Calendula flowers

Calendula flowers

Today I am harvesting my beautiful Calendula flowers!

Calendula is a tender perennial,  an annual where I live and so easy to grow.  I see them in 6 packs at garden centers, the seeds are sold everywhere.  They germinate very easily and quickly so I usually just direct sow them right outside in the garden.  No matter what type of gardening season we have, they always seem to come through with lots of vitality and a profusion of blooms.   They are wonderful in the vegetable garden because they deter sap- sucking insects and attract beneficial insects.   If aphids bother your roses, try planting some Calendulas nearby.

Both the flowers and the Calendula leaves are edible.  The flowers are high in antioxidant carotenoids, which gives them their vivid yellow and orange colors,  particularly lutein, zeaxanthin and  lycopene.  They can be added to salads or as a pretty garnish to summer desserts.  A  Calendula  tea is nice.   Just add water that has just reached the boiling point to the blossoms and let it steep, as you would regular tea.    This would make a nice iced tea as well, particularly if you added some mint to the brew.

Calendula is called, “Queen of the cosmetic herbs”.  It is reputed to have rejuvenating and healing effects on the skin.  Herbalists classify it as a vulnerary, saying
it heals by promoting cell repair and has anti inflammatory and antiseptic properties as well.  You will often see it  listed among the ingredients in salves for bruises, burns, sores, diaper rash ointments and expensive cosmetic skin repair serums.

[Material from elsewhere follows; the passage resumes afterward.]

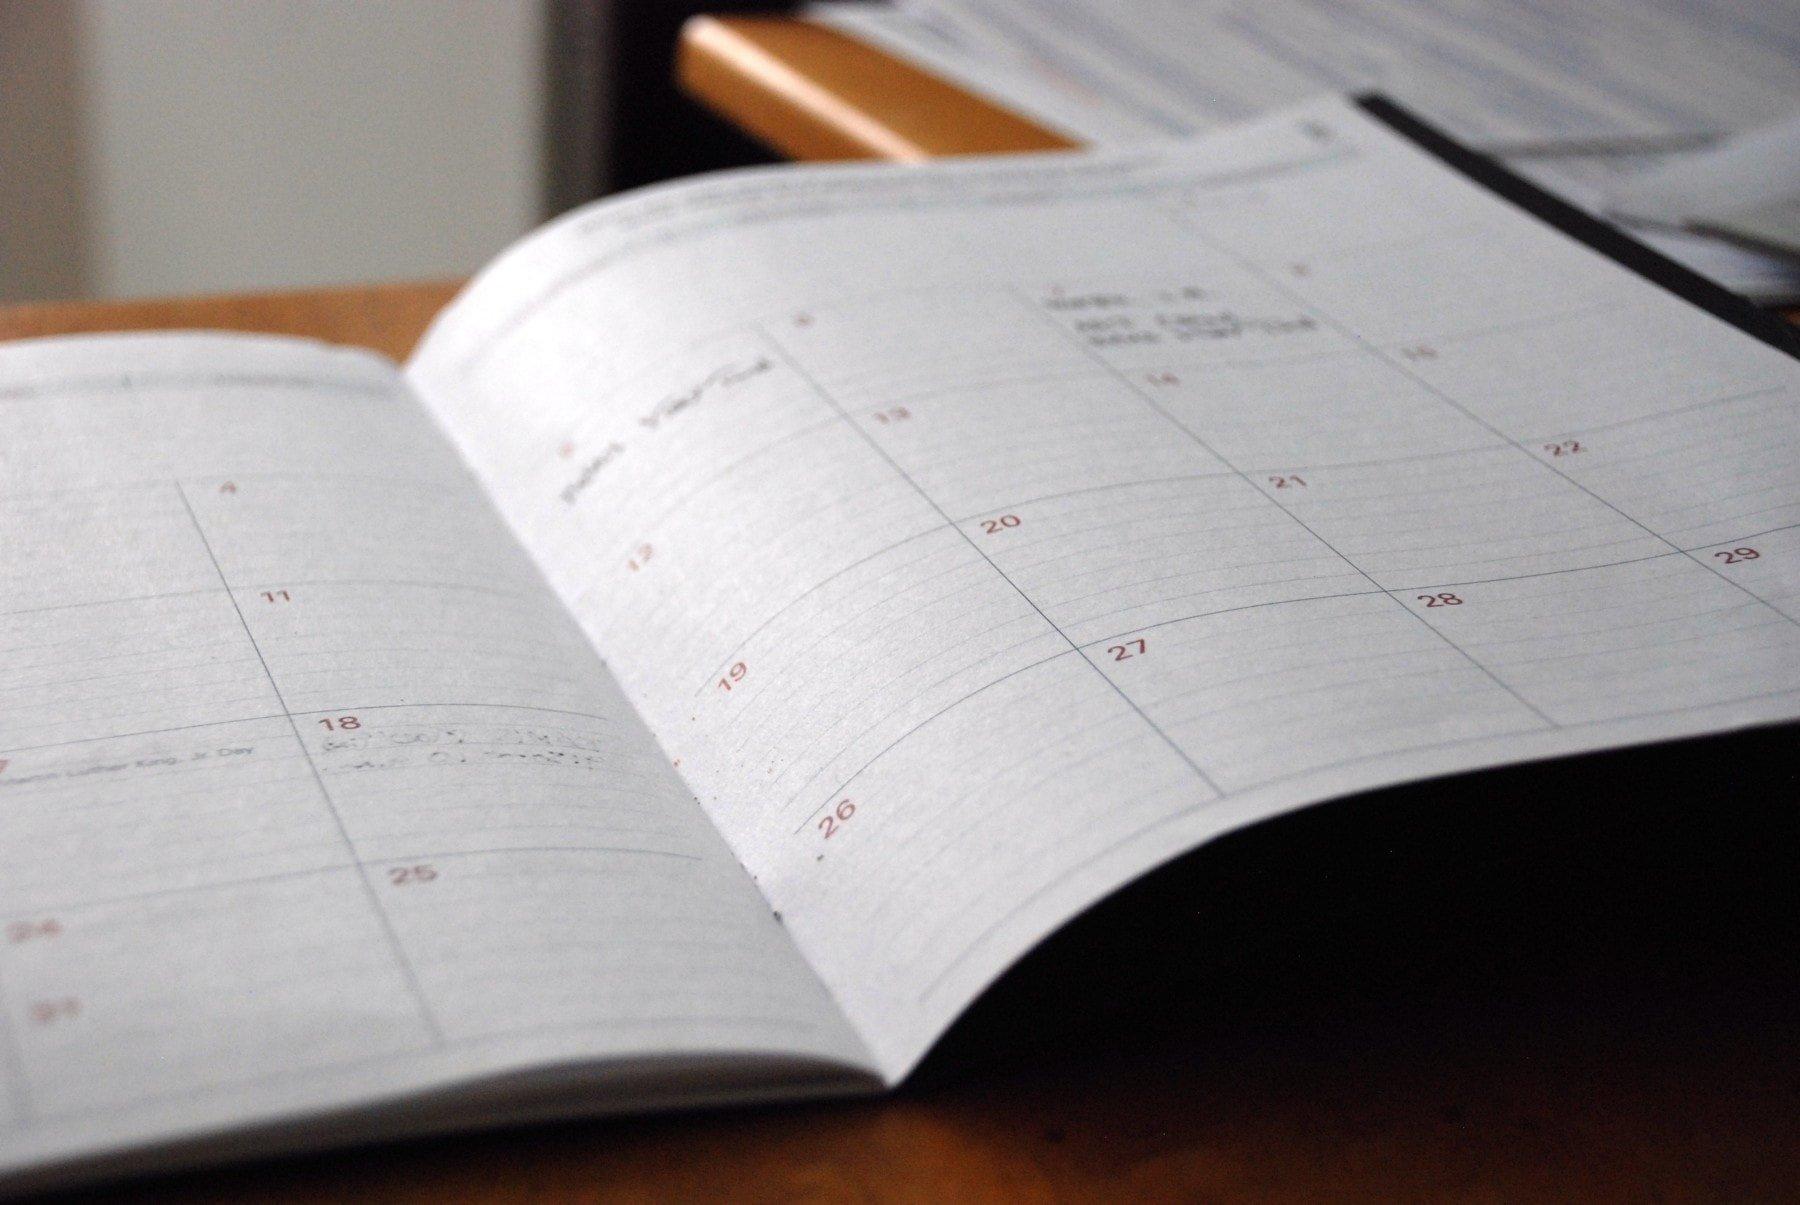 agenda book

Calendula infused oil is so easy to make!    You can use it as a moistuirizer, a massage oil, a bath oil.  It  also works wonderfully to remove make-up.   Just place the patted- dry or wilted flowers in a clean, dry glass jar, cover  completely with oil.   Screw lid on tightly, making sure that is clean and dry as well.   Let the oil steep for 2 weeks.  Strain out the flowers  and the  oil is ready to  use.*  Apricot, grapeseed  and almond oil are great choices if you want a good face and neck moistuirizer.  Olive oil is a good choice for a body oil.   If you want to add rose petals or lavender  to your Calendula  flowers when you make your infusion, they are great for the skin too.    You can customize your hand made oils by adding a few drops of your favorite essential oils.  Eucalyptus and lavender would be great choices for a massage or bath oil.

However you decide to use Calendula; for your garden, your tea,  your skin or  the bath…..You can’t  go wrong!  It is beautiful wherever it is.

Future posts will have instructions on how to make your own salves, lip balms, body powders and more.  Keep harvesting your Calendula flowers, they bloom until frost, and dry them in a dehydrator, your oven, or even better : spread out in the sun!

  • If oil has mold, don’t use it.   Moisture is usually the culprit;  either in your herb,  the jar or the lid.  Make sure enough oil is added to the jar and  the flowers are completely submerged and remain covered by the oil during the steeping period.  Make sure  also that the jar and lid are completely dry.